3

I have the requirement to build a Docker image with Keycloak and a FIPS-compliant JDK (based on OpenJDK 8).

My company has an internal FIPS JDK distribution which works somewhat like this:

In a -Djava.endorsed.dirs directory, a security provider is installed, which dispatches all security calls to BouncyCastle. This security provider has dependencies, which I pull in via Maven: several BouncyCastle jars, but also other stuff like Jackson, Scala, Guava, the kitchen sink.

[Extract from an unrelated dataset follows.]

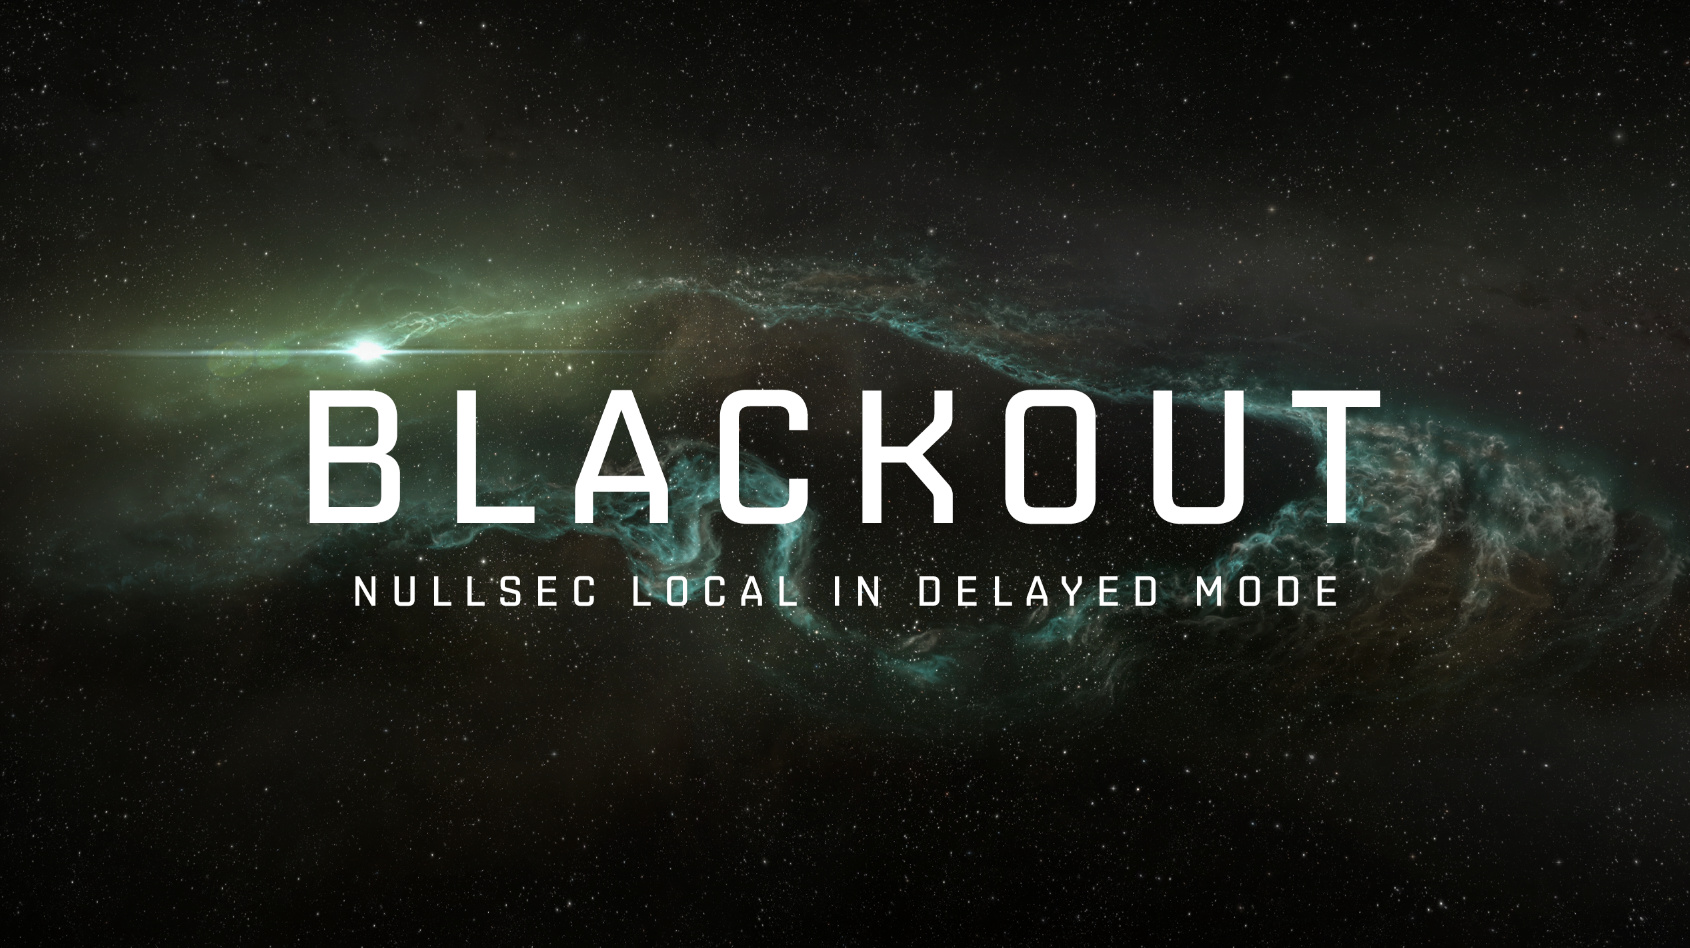 NULLSEC LOCAL BLACKOUT INCOMING DURING JULY!   by くるみさん 1690 x 948

I'm doing mvn dependency:copy-dependencies to copy the BouncyCastle jars to a library folder, and I'm using the Maven Shade Plugin to build an UberJar with everything else, minus what's already present in Keycloak. To prevent conflicts, I apply package shading in this UberJar (package com.foo is moved to myteam.com.foo), except for the public entrypoint referenced by above security provider.

I have a little Java test class that verifies this setup works in FIPS-compatible mode, basically the test is that

MessageDigest.getInstance("SHA-256", "SUN").getProvider().getName()

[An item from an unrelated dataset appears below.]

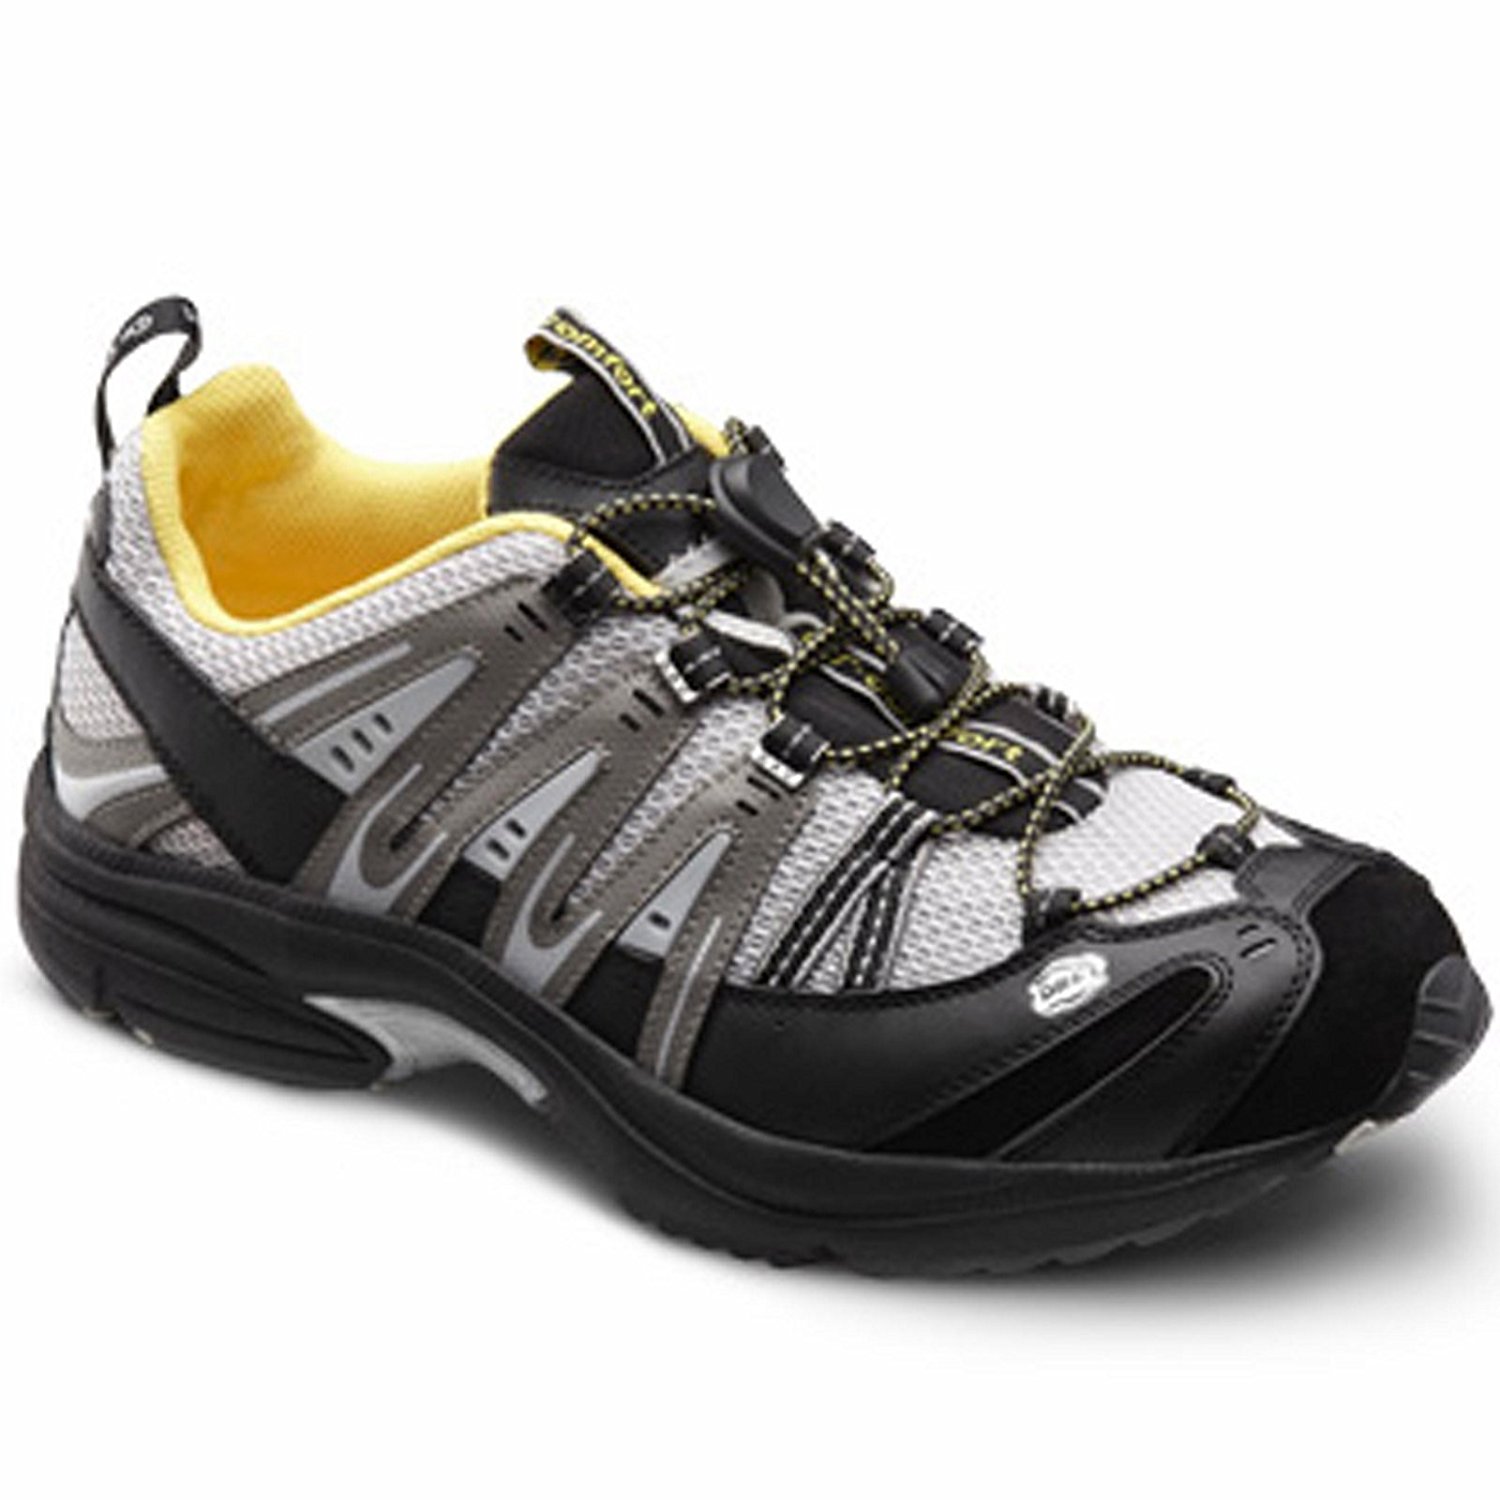 Get A Foot Friend Comfort Shoe-makes easy to walk

returns BCFIPS instead of SUN, and this works.

Now my problem is how to get this setup working on Keycloak, given that it runs on JBoss / WildFly, and has its completely own ideas about class loading.

I launch Keycloak with the -Djava.endorsed.dirs parameter in my JAVA_OPTS, which leaves the dependencies to BouncyCastle and the other libraries.

I have tried the following approaches

Approach 1: Declare everything as a module. Inside /opt/jboss/keycloak/modules/system/layers/keycloak (or base, I tried both), declare an org/bouncycastle module with all bc jars and a com/mycompany module with the UberJar. Register both as global modules (KC currently runs on WildFly 18, so the global directories option isn't available yet)

Approach 2: Place all jars in a directory and reference that using -Djava.ext.dirs in my JAVA_OPTS.

Each of these have led to the identical error message:

Caused by: java.lang.ClassNotFoundException: org.bouncycastle.jcajce.provider.BouncyCastleFipsProvider from [Module "org.jboss.as.server" version 10.0.3.Final from local module loader @52a86356 (finder: local module finder @5ce81285 (roots: /opt/jboss/keycloak/modules, /opt/jboss/keycloak/modules/system/layers/keycloak, /opt/jboss/keycloak/modules/system/layers/base))]

Can anybody point me toward a solution?

Sean Patrick Floyd
  • 292,901
  • 67
  • 465
  • 588

2 Answers2

0

I don't know if there's a canonical answer to this, but I ended up making this work by registering my modules as explicit dependencies of the root module org.jboss.as.server in the file $KEYCLOAK_ROOT/modules/system/layers/base/org/jboss/as/server/main/module.xml.

Sean Patrick Floyd
  • 292,901
  • 67
  • 465
  • 588
0

Sean, running into the exact same issue you did.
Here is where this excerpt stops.